Jai Jai Rajasthan—Victory to Rajasthan is a showcase of folk songs and dances from diverse village within India’s northwestern state, Rajasthan. Here is praise to the vibrant life in India’s inhospitable Thar Desert, once the land of the Rajasthani kings:

Glory to my land, Rajasthan. I cannot sing and dance enough in its praise...every grain of sand in this desert echoes as I sing “Jai Jai Rajasthan!”

The dance styles presented are:

Ghoomar, from the Bhil Tribe and adopted by many Rajasthani communities, with a distinctive pirouette, measured steps, and a graceful weaving dance. A new bride dances ghoomar when entering her husband’s home. The songs tell of young dancing women from Marwar, and of women dancing for Lord Shiva’s wife, Gauri.

Chari, a dance of the Kisherigarh region. As women walk miles for water they balance chari pots on their head. In performance, they burn cottonseeds in these pots, so their processions create illuminating patterns. The song compares the beautiful chimi seed to beautiful Rajasthani women.

Terah Taali, a devotional dance from Kaamad communities. Terah refers to the thirteen brass manjeera or cymbals that dancers strike upon their costumes. The song tells of devotees singing, dancing, and praying to Saint Baba Ramdev.

Kalbeliya, from the Saperas of the Kalbeliya snake-charmer community when the nomadic Kalbeliyas caught snakes and traded snake venom. The dance movements and costumes resemble serpents, and the music is from the snake-charming been or pungi flute. These days, Kalbeliya is performed as entertainment, celebration, or for cultural pride, and it’s protected as an UNESCO Intangible Cultural Heritage. The song means “jump in” and sings of joy, spirit, and ancient traditions.

Chakri
, performed by nomadic Kanjar girls who earn their livelihoods dancing at celebrations, showcase the beautiful costumes with chakri spins. The song is Jai Jai Rajasthan. All of their Rajasthani costumes and jewelry, from head to toe, establish identity, religion, economic rank, and social status. The ghaghara skirt is worn short, to show foot ornaments; its width and pleats mark prosperity. Various tribes—Banjaras, Bhils, and Gayaris—deck up in jewelry, including borlas in the hair and the chudlas bangles of metal and coconut shells.
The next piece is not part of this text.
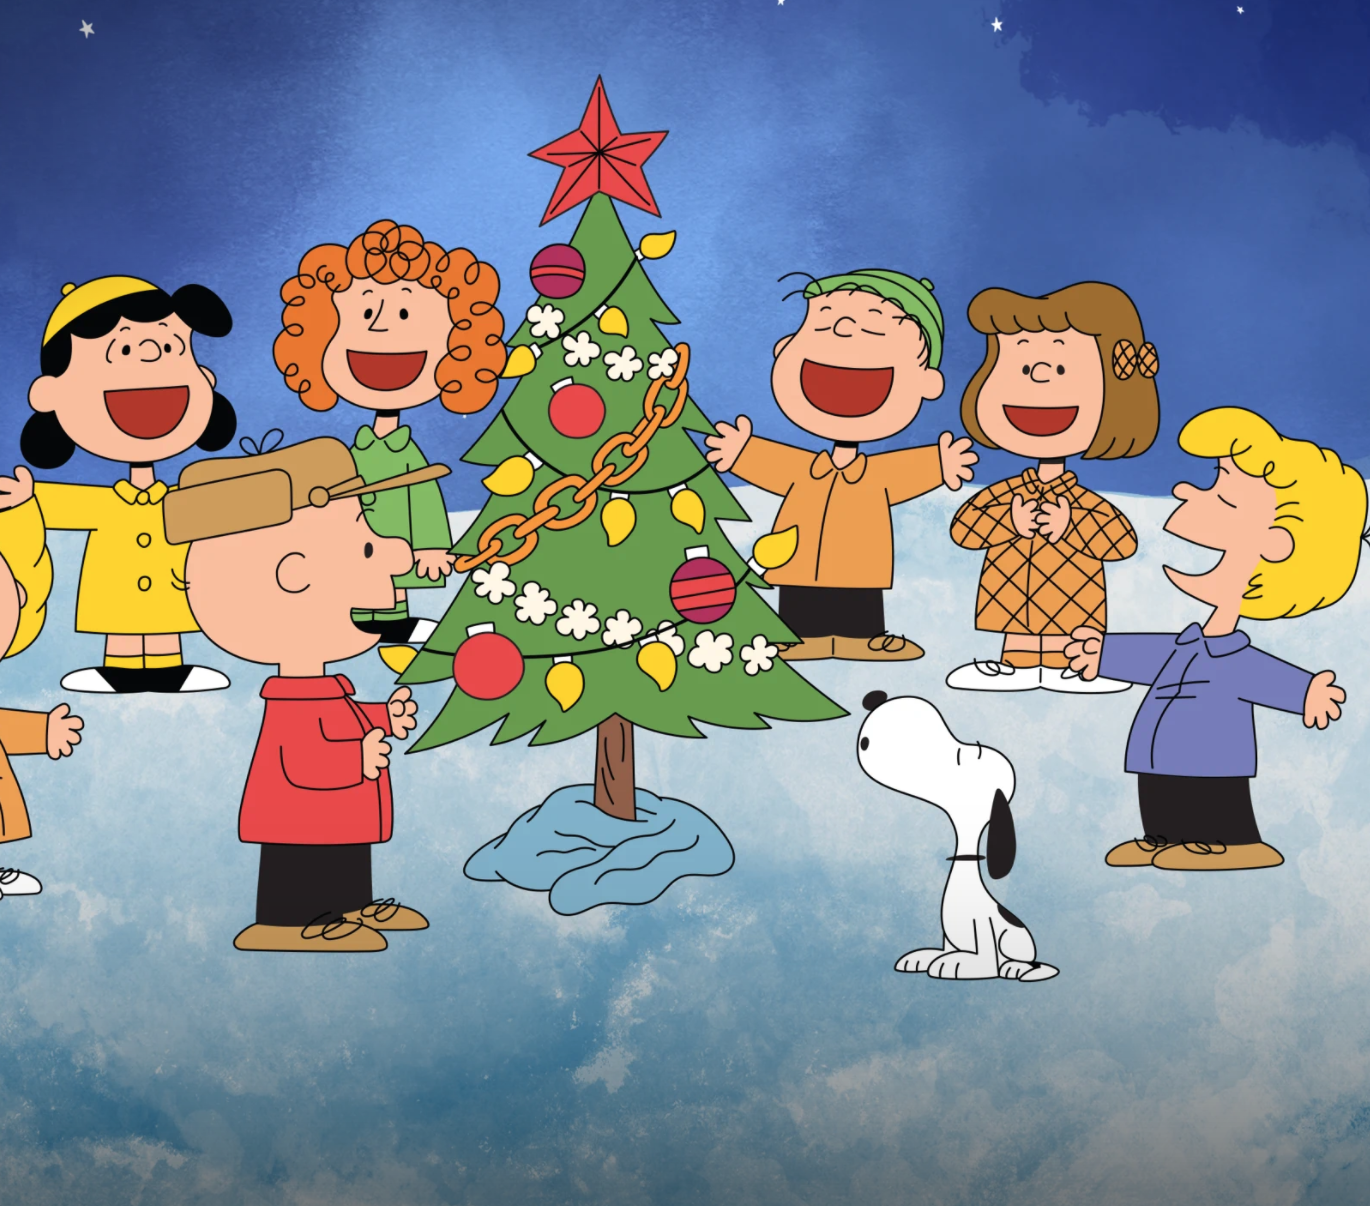 How to Watch and Stream 'A Charlie Brown Christmas' in 2022

This piece was choreographed and set in 2012 by Srividya Eashwar.

2010 PERFORMANCE

Title: Jai Jai Garvi Gujarat (Glory to Gujarat)
Dancers: Kavitha Aravindhan, Swetha Balaji, Namrata Garg, Anisha Gogineni, Advaith Iyer, Sonali Iyer, Sagaree Jain, Shruti Malige, Kavya Munnangi, Jyotsna Natarajan, Ritu Parwal, Shubha Raghavendra, Nikkitha Ramchander, Pallavi Rao, Keerthana Sankar, Sanjana Surkund, Samantha Uppalapati

The song Jai Jai Garvi Gujarat – Glory to Gujarat opens a performance of the same name: a suite of joyful mandala dances from the western state of Gujarat. The opening piece invokes the Divine Mother:

You are our protector and savior and we can sing and dance in your praise all night.
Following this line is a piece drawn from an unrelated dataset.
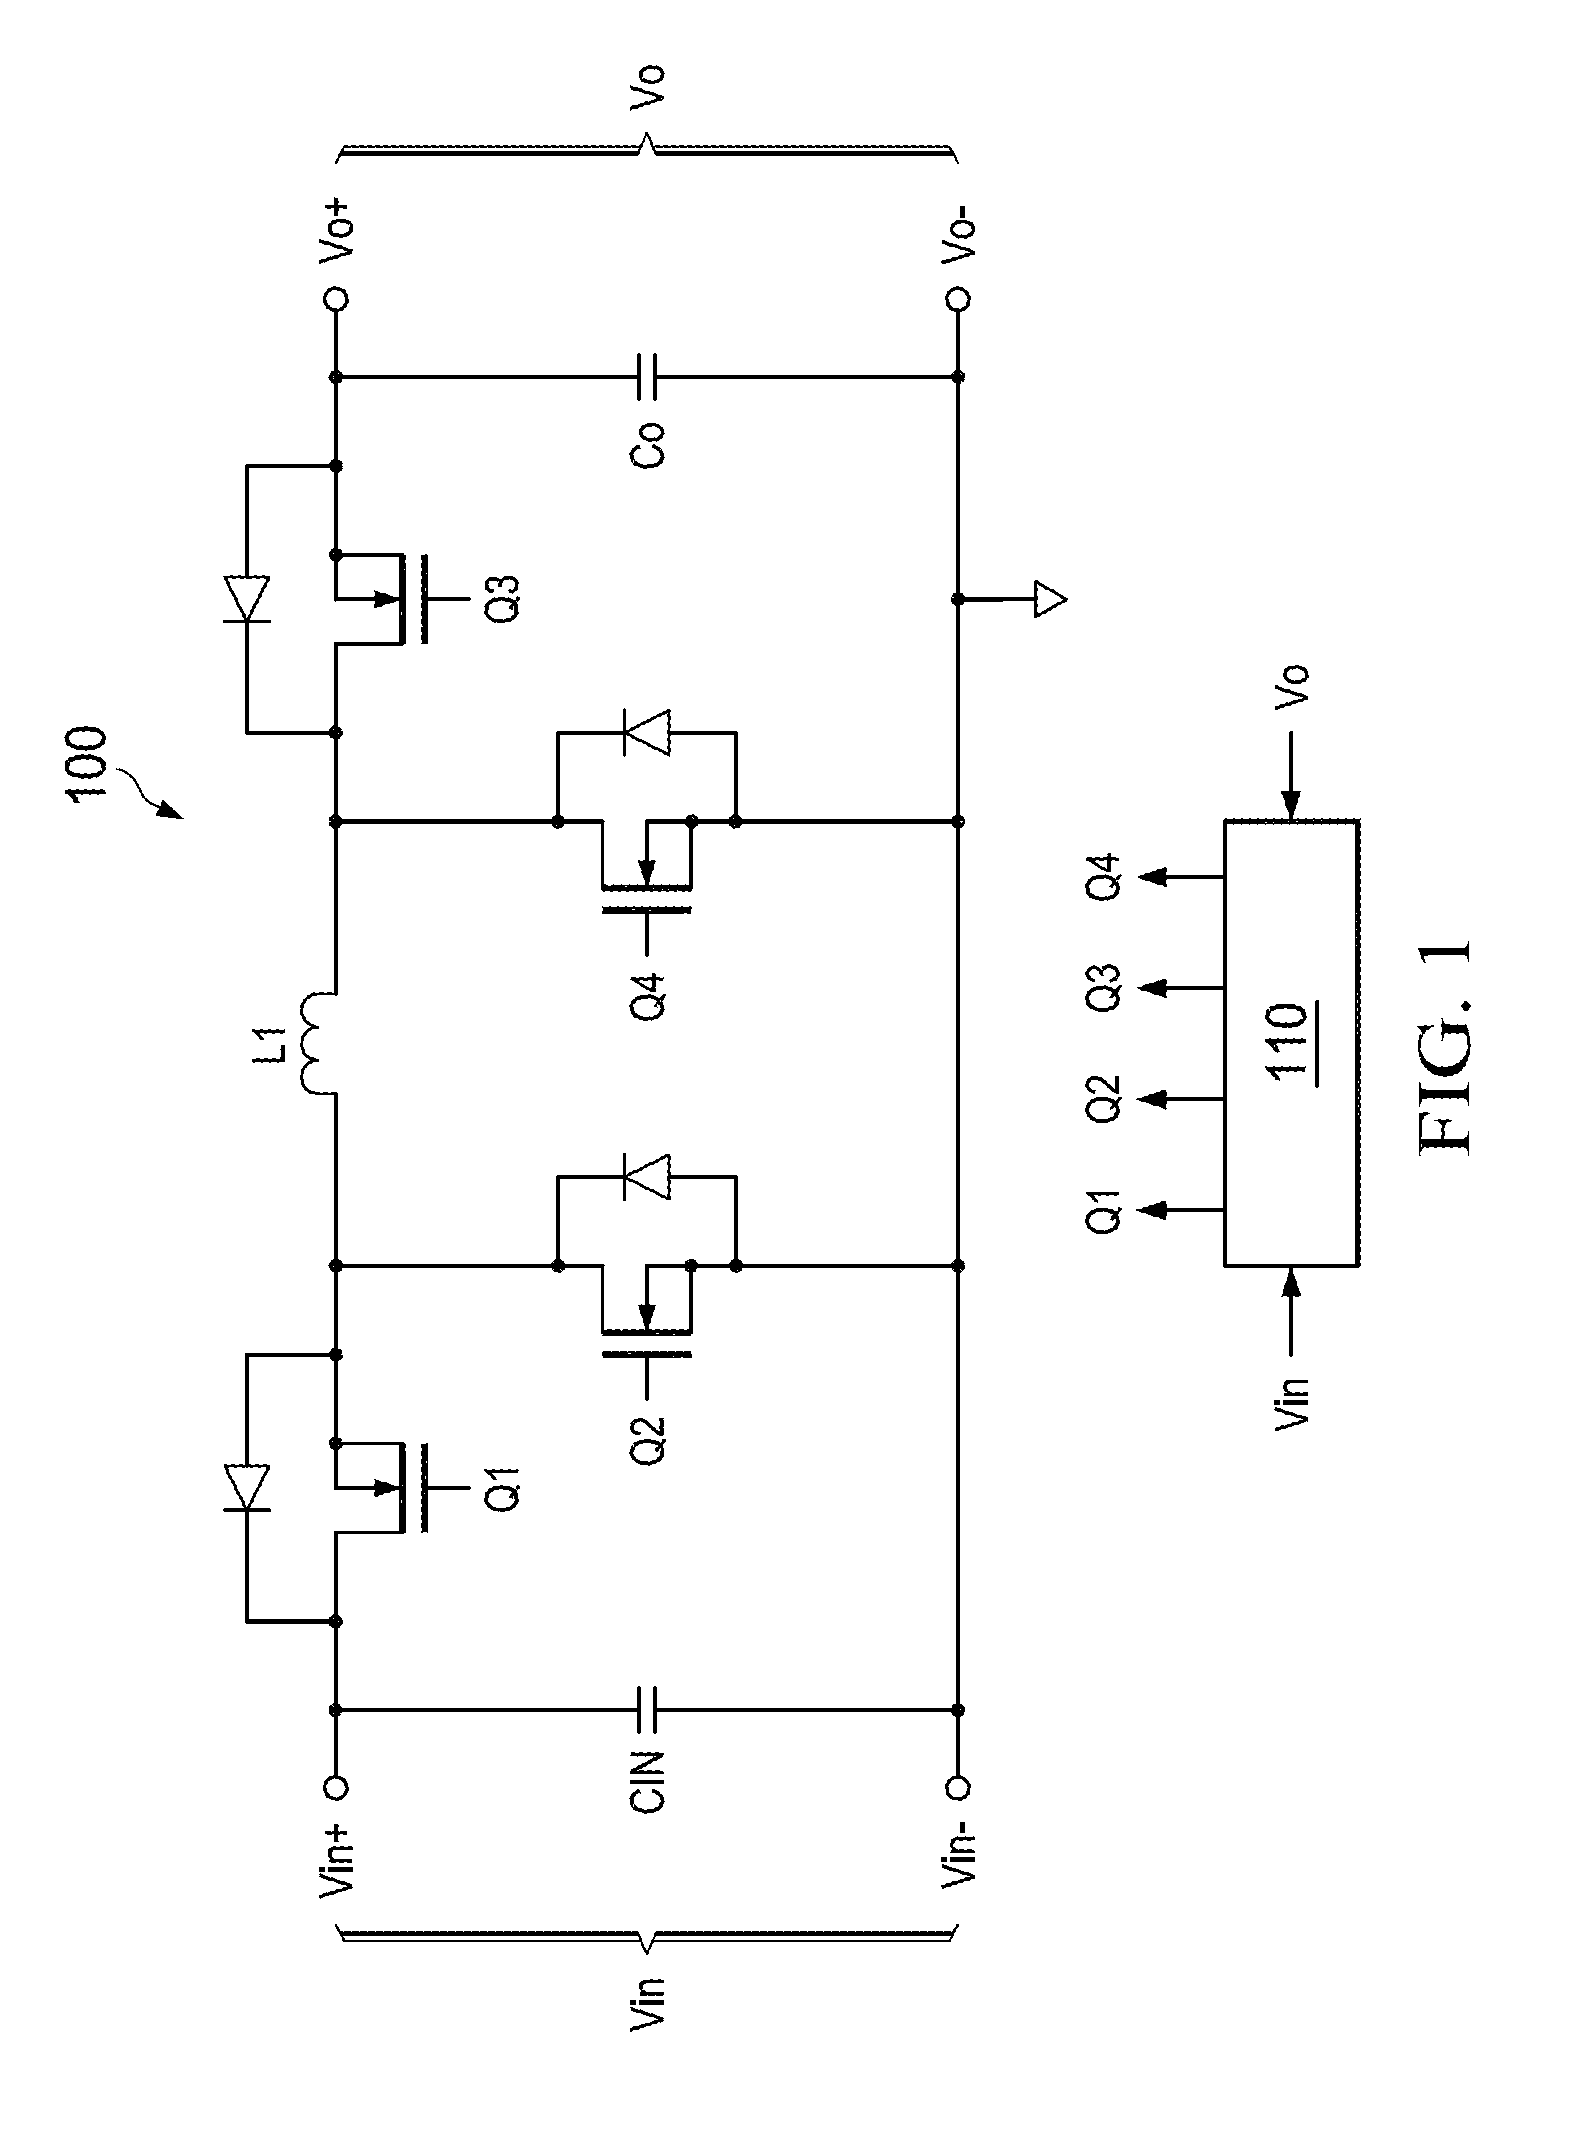 Control Method for Buck-Boost Power Converters

The next dance, Garba, is popular during the nine-day Navratri celebration (and also in American universities). A lamp in an earthen pot symbolizes life growing inside a woman. Dancers bend and clap, praying to the Divine Mother, Amba Mata.
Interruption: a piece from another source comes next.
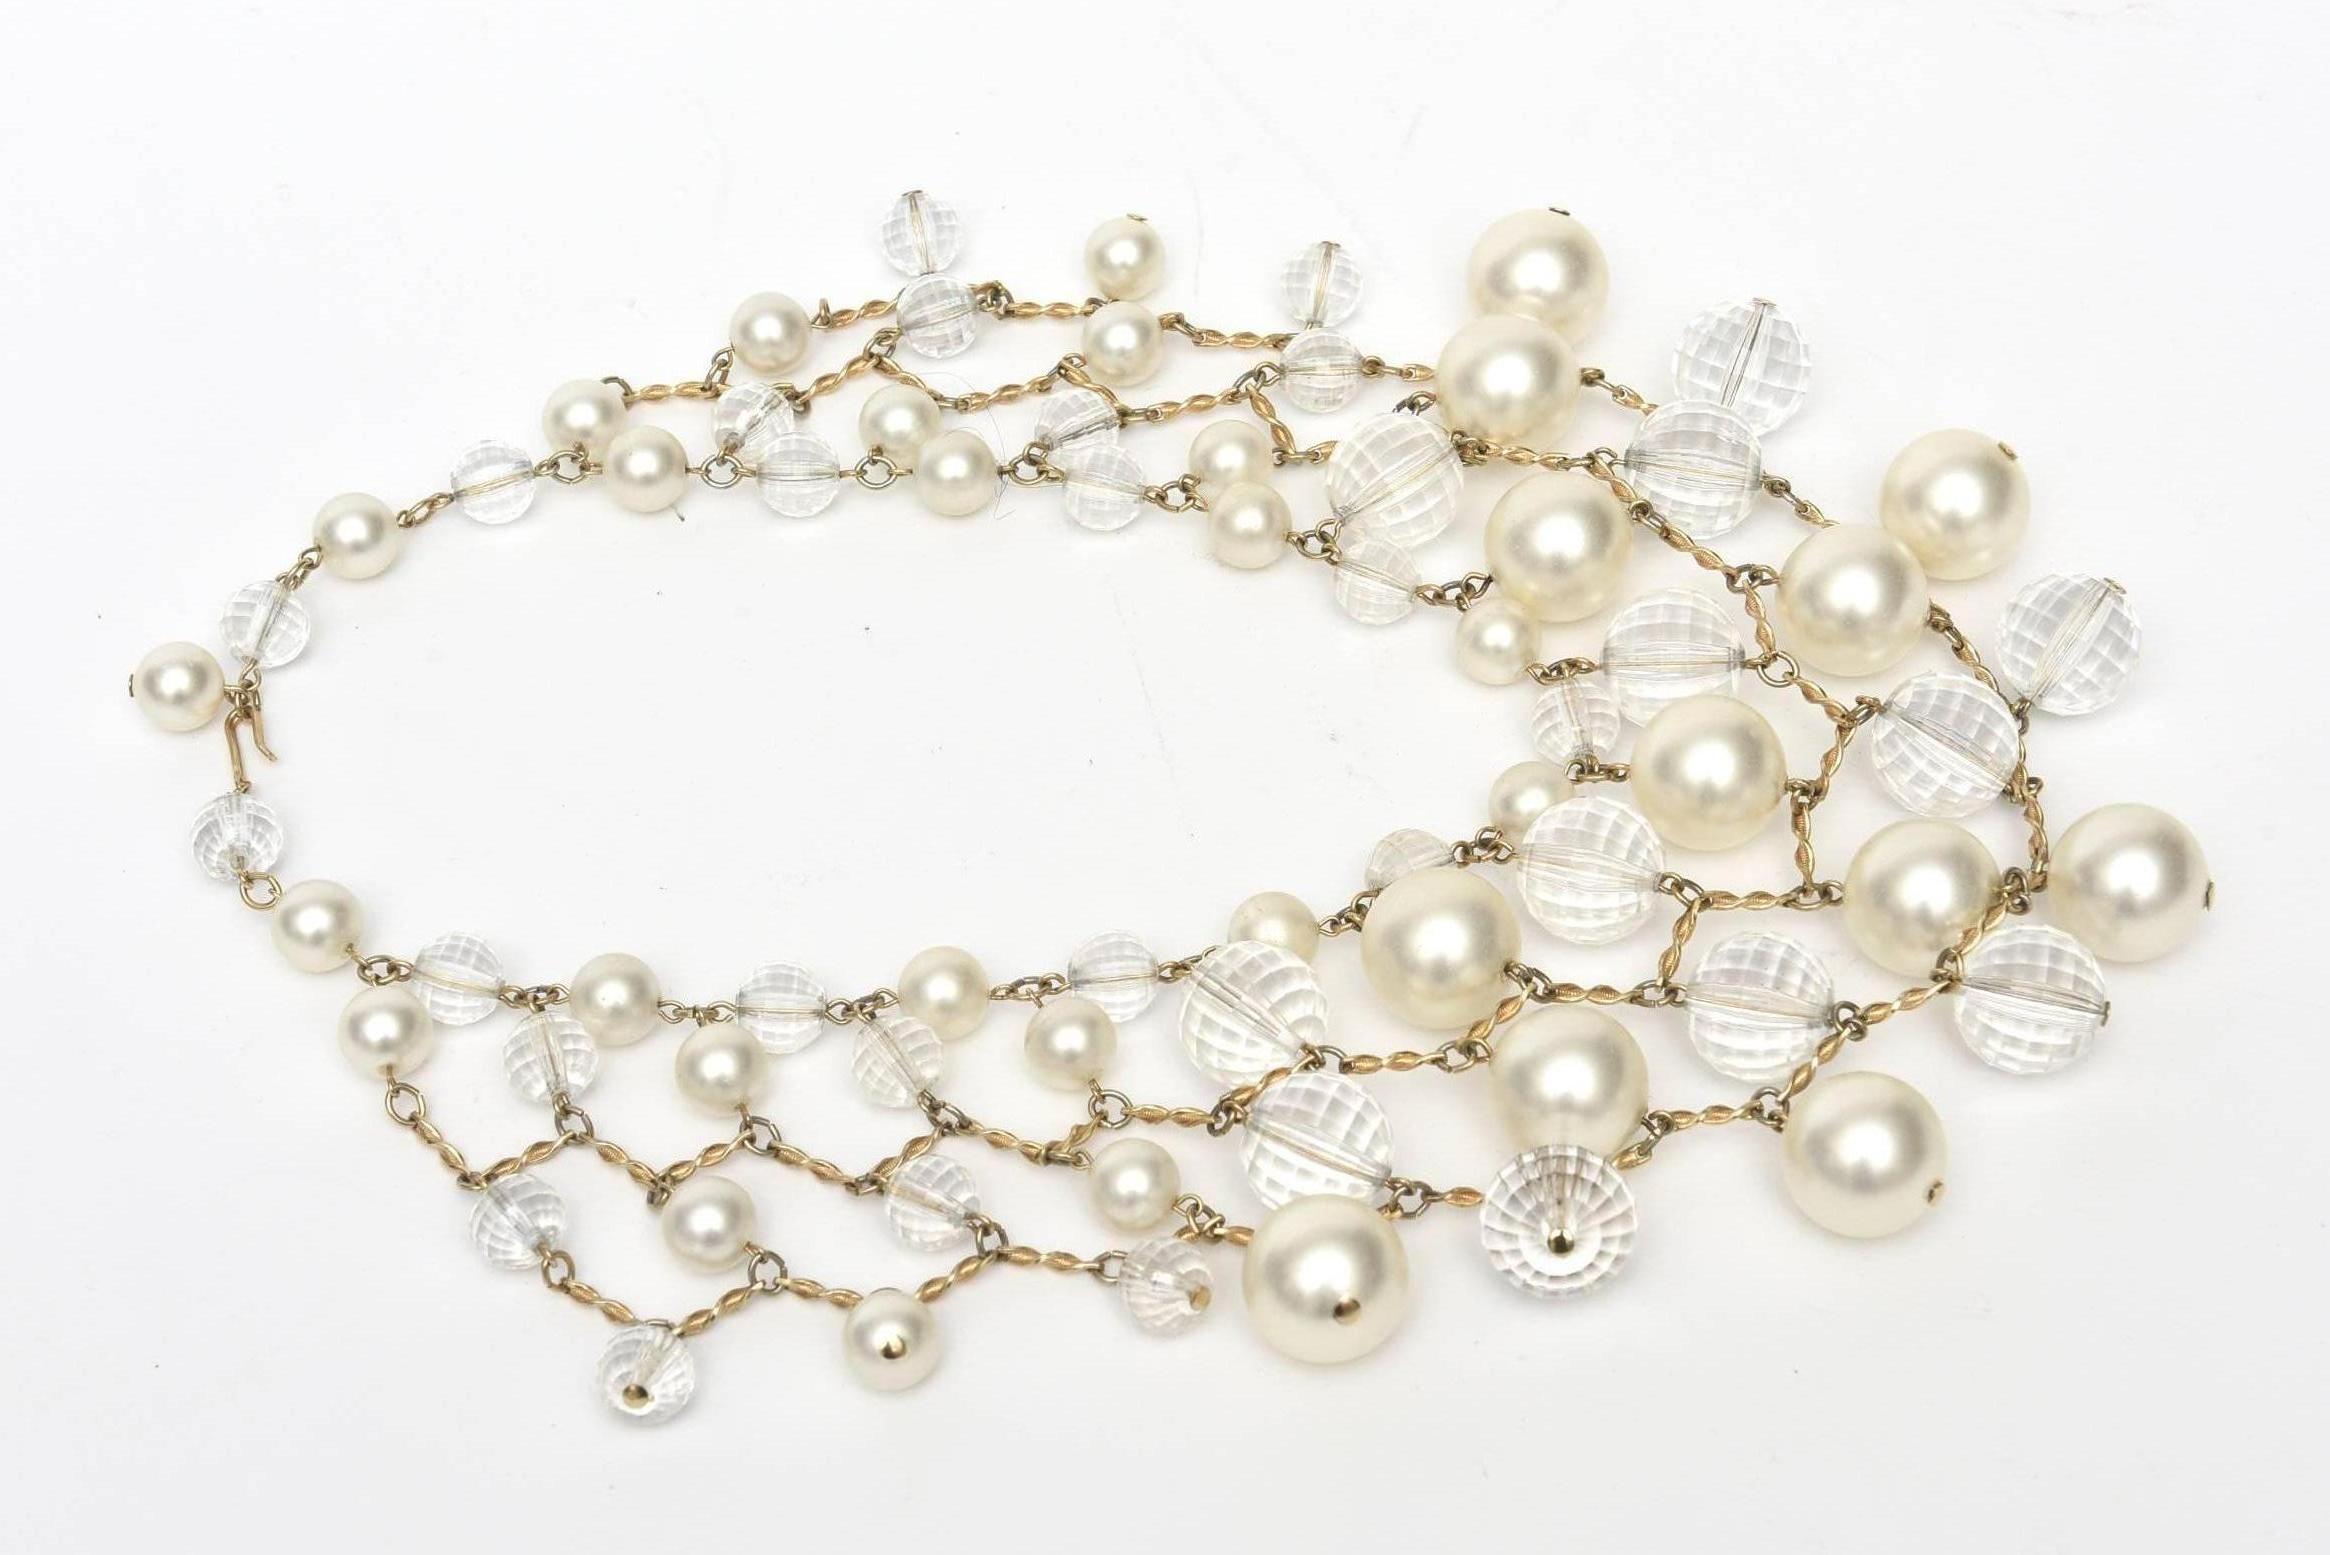 This dramatic and elegant vintage faux pearl,  faceted lucite and brass multi strand bib necklace is a forever statement piece. It lays beautifully on the neck and can go any season from day to evening! This will dress up your cocktail dress, shirt

Tippani is an every-day dance from laborers in the Chorwad region of Saurashtra. The women—whose job it is to pound gravel into the floor—sing at a high pitch, hoping to be heard over the pounding of their mallets.


Manjira are the little brass bells played in this dance by the Padhaar in Bhalnalkantha. Padhaars skillfully jingle their manjira while expressing devotion in full body movements. This dance praises Lord Rama Pir, and it's unusual in that it's performed by both Muslim and Hindu devotees.


Dandiya Raas is derived from the ancient Ras Leela, the famous dance in which Lord Krishna danced with the Gopis (cowherd girls) and made each girl feel he danced with her alone. The short sticks represent swords, to cut away evil.

Costumes in this part of India are vibrant, in contrast to the surrounding desert: they are embroidered with beads and mirrors and with ancient motifs of flora, fauna, and myth. Full skirts and dhotis provide protection from the sun, and the silver jewelry is a specialty from Kutch. The music is traditional Gujarat.